When I was pregnant, I watched a video of a baby latching onto his mother’s breast during childbirth classes. As I watched his little mouth move around as he sought her nipple, tongue squirming, I almost became nauseous. I knew the intense zoom-in was necessary (they were trying to show a latch), but the close-up angle was disconcerting, to say the least. For a moment, I didn't see breastfeeding as what it was: a glorious act between a mother and infant, as close as they can be after childbirth. I just saw it as gross and weird.
My visceral reaction wasn't because I think breastfeeding is inherently gross or unnatural. Breastfeeding doesn’t just seem natural — it is natural, because it is literally nature’s way of ensuring we can care for our offspring. It's amazing, when you think about it: most of the food we eat comes out of bags and boxes, and it's nearly impossible to map its origins. Breastfeeding, however, is the most direct customer-to-client food service available.
Yet despite my intense reaction, I really did want to breastfeed. I was terrified of all of the things I had heard were associated with breastfeeding, such as nipple pain, leaking, and rashes. It didn’t sound at all like it would be easy. But I was still committed. I was going to be the most nature-like mother in all of nature’s creation. I would feed my baby straight from me.
Then I had a C-section. And all of a sudden, I didn't want to breastfeed anymore.

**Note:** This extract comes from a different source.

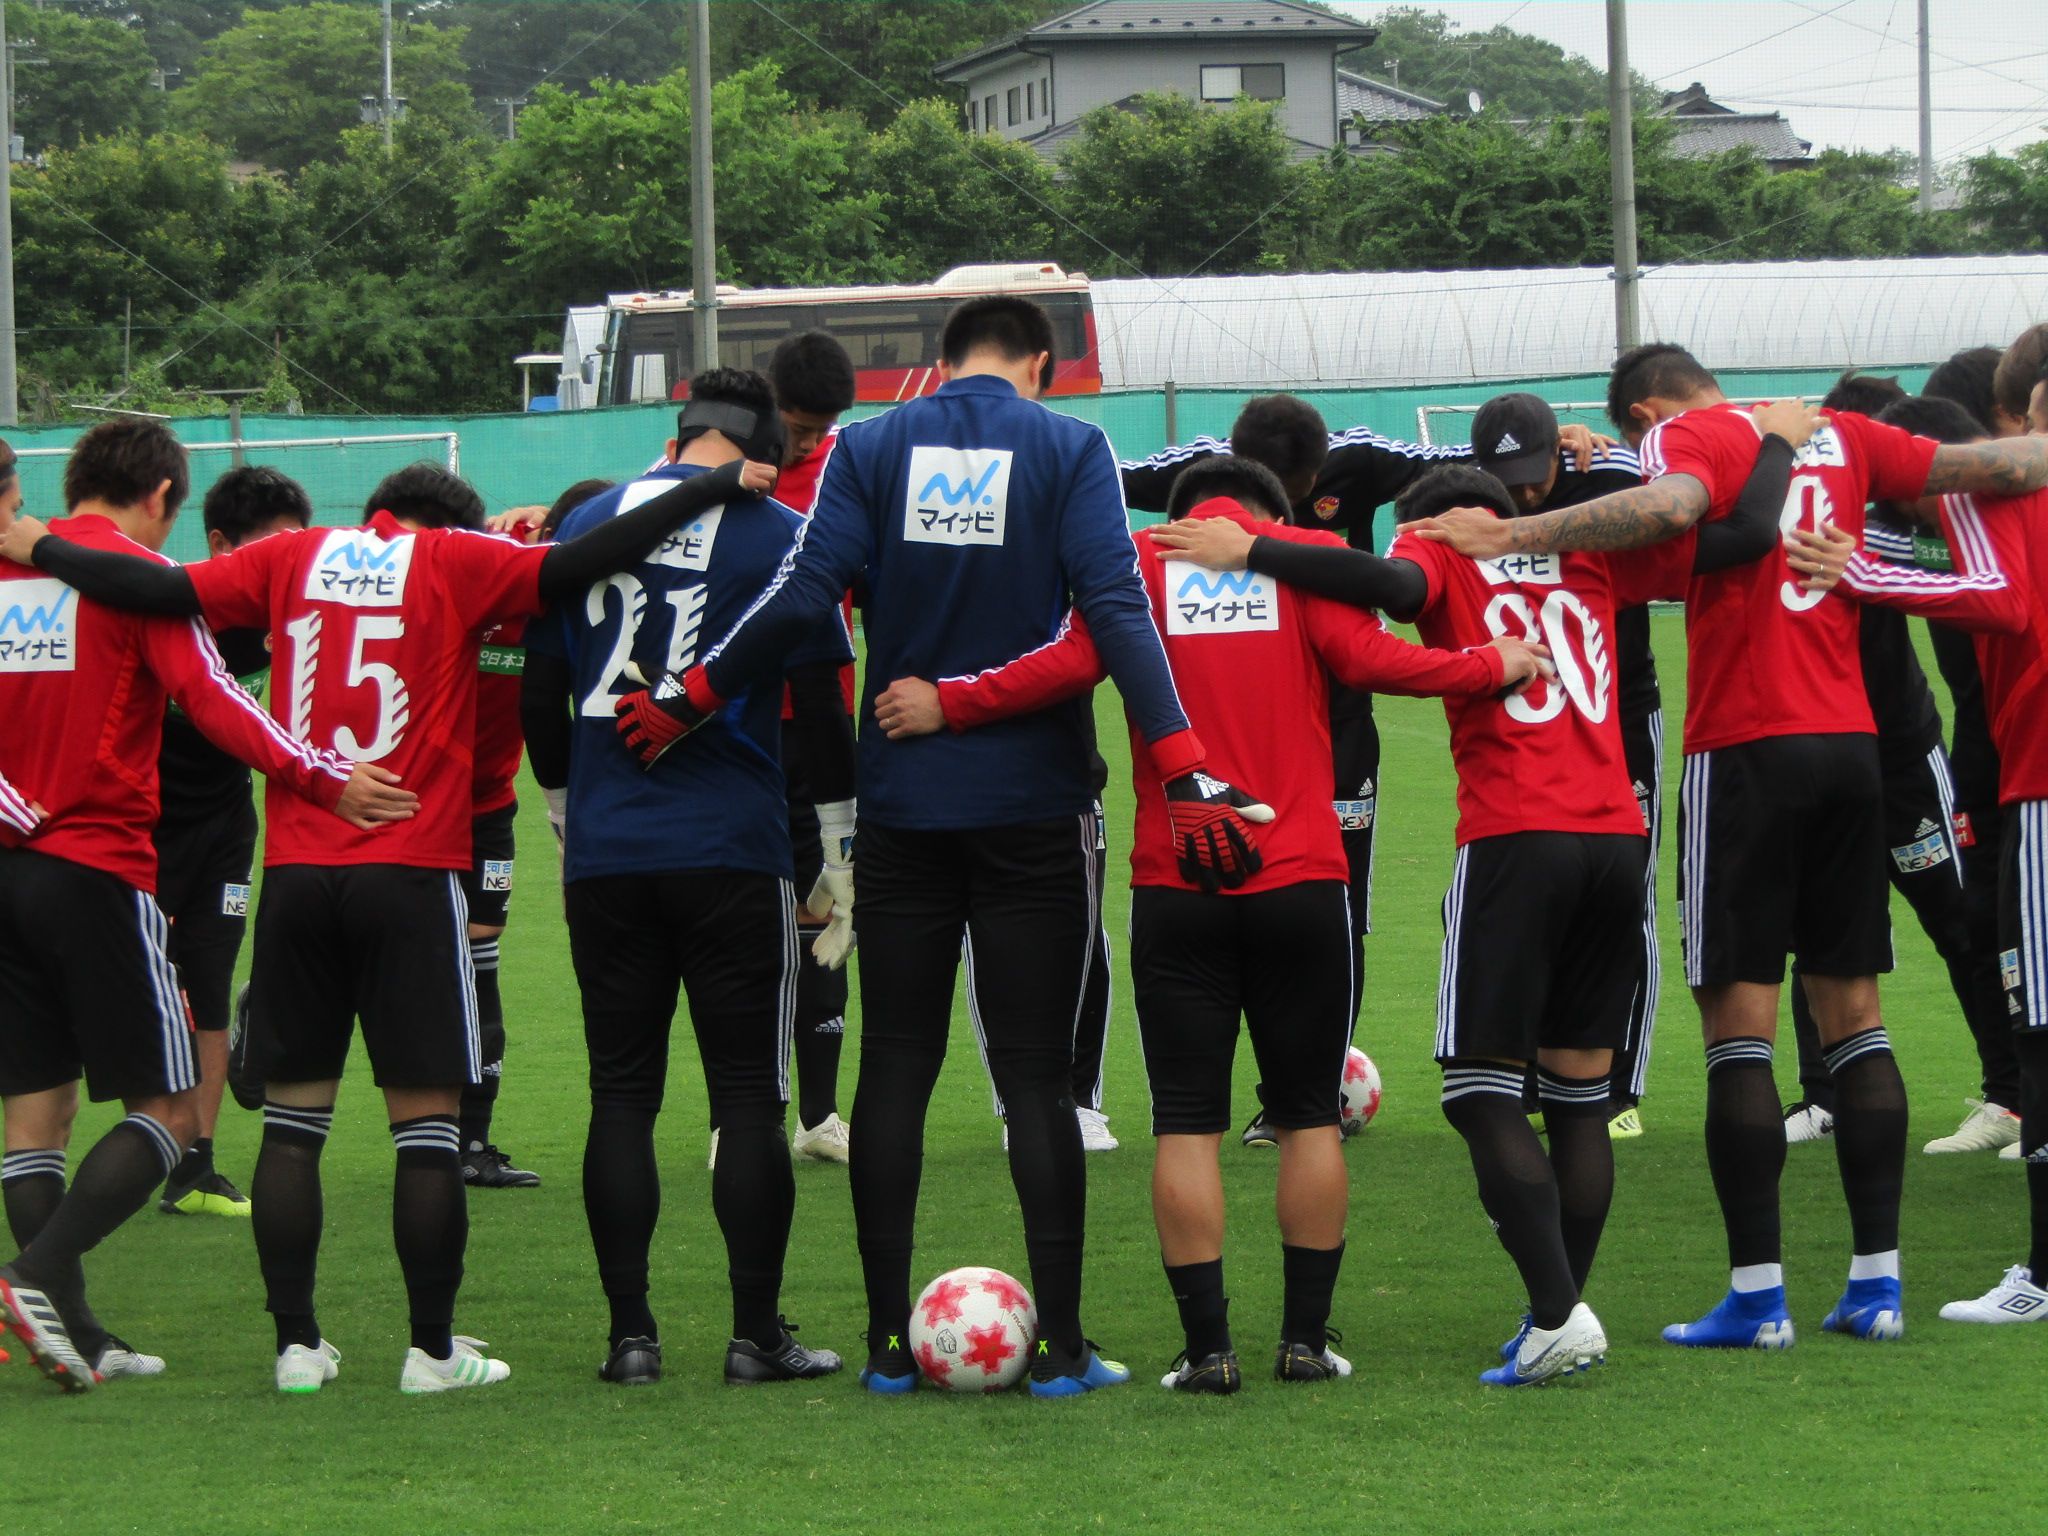 天皇杯 Jfa 第99回全日本サッカー選手権大会 Joh Page 楽天ブログ

The c-section was unplanned. I had gone in for a check-up a week and a half before my due date, and the check-up turned into an immediate induction, which turned into a c-section days later.
I vowed to myself that I would not allow myself to be cut up on my son's birthing day.

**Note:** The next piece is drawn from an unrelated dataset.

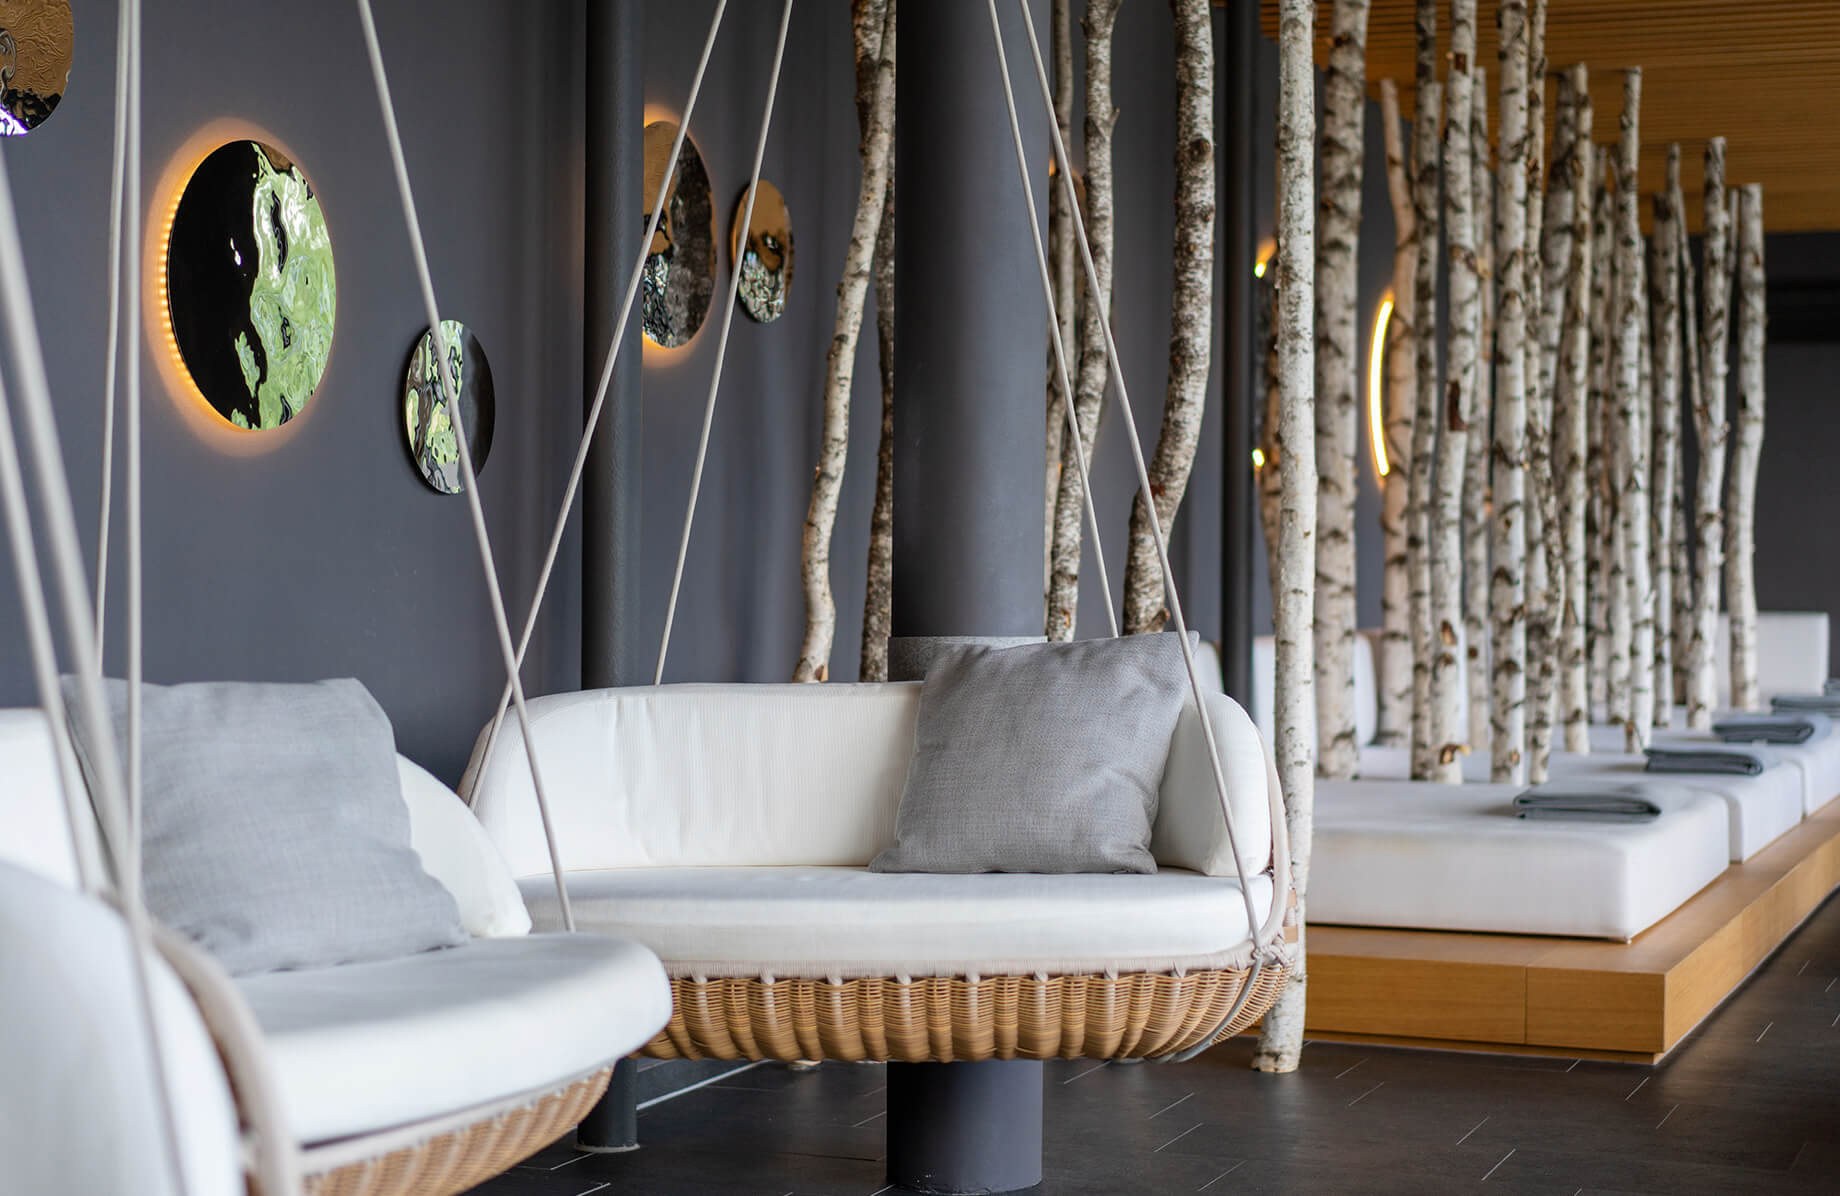 Aufnahme im Ruheraum des Spa-Bereichs im Hotel Das Tegernsee mit hellgrauen Wänden, mehreren Ruheliegen, dekorativen Birkenbaumstämmen dazwischen und im Vordergrund zwei Lounge-Hängesessel.

I had seen a video of a c-section during one of my childbirth classes. You know how I almost passed out seeing breastfeeding? Can you imagine how I reacted to seeing an ANIMATED C-SECTION video? I was a mess. I decided there was no way I was going to let that happen to me. I vowed to myself that I would not allow myself to be cut up on my son's birthing day. I would have my baby with my feet up in the air, and I would hopefully not even have to use drugs. You know, so it could be more natural.
Oh, how hopeful I was.
Months later, however, I found myself on a table with medical tools nearby, and I was told they were going to pull my baby out after prying open my abs. I was petrified.
Leaving the operating room with a healthy baby was a victory. But I left with a huge scar, and I was in mind-blowing pain. My baby was whisked off to the nursery while I was in recovery. My anesthesia had worn off basically while I was still on the table, so they needed to assess what was happening, leaving me in one room and my new baby in another. The baby needed to eat and my husband made the choice to start our child on donor breastmilk, the choice he believed I would want him to make. I don't regret my husband's decision, but it felt like my baby was starting this amazing, new, natural feeding journey – without me.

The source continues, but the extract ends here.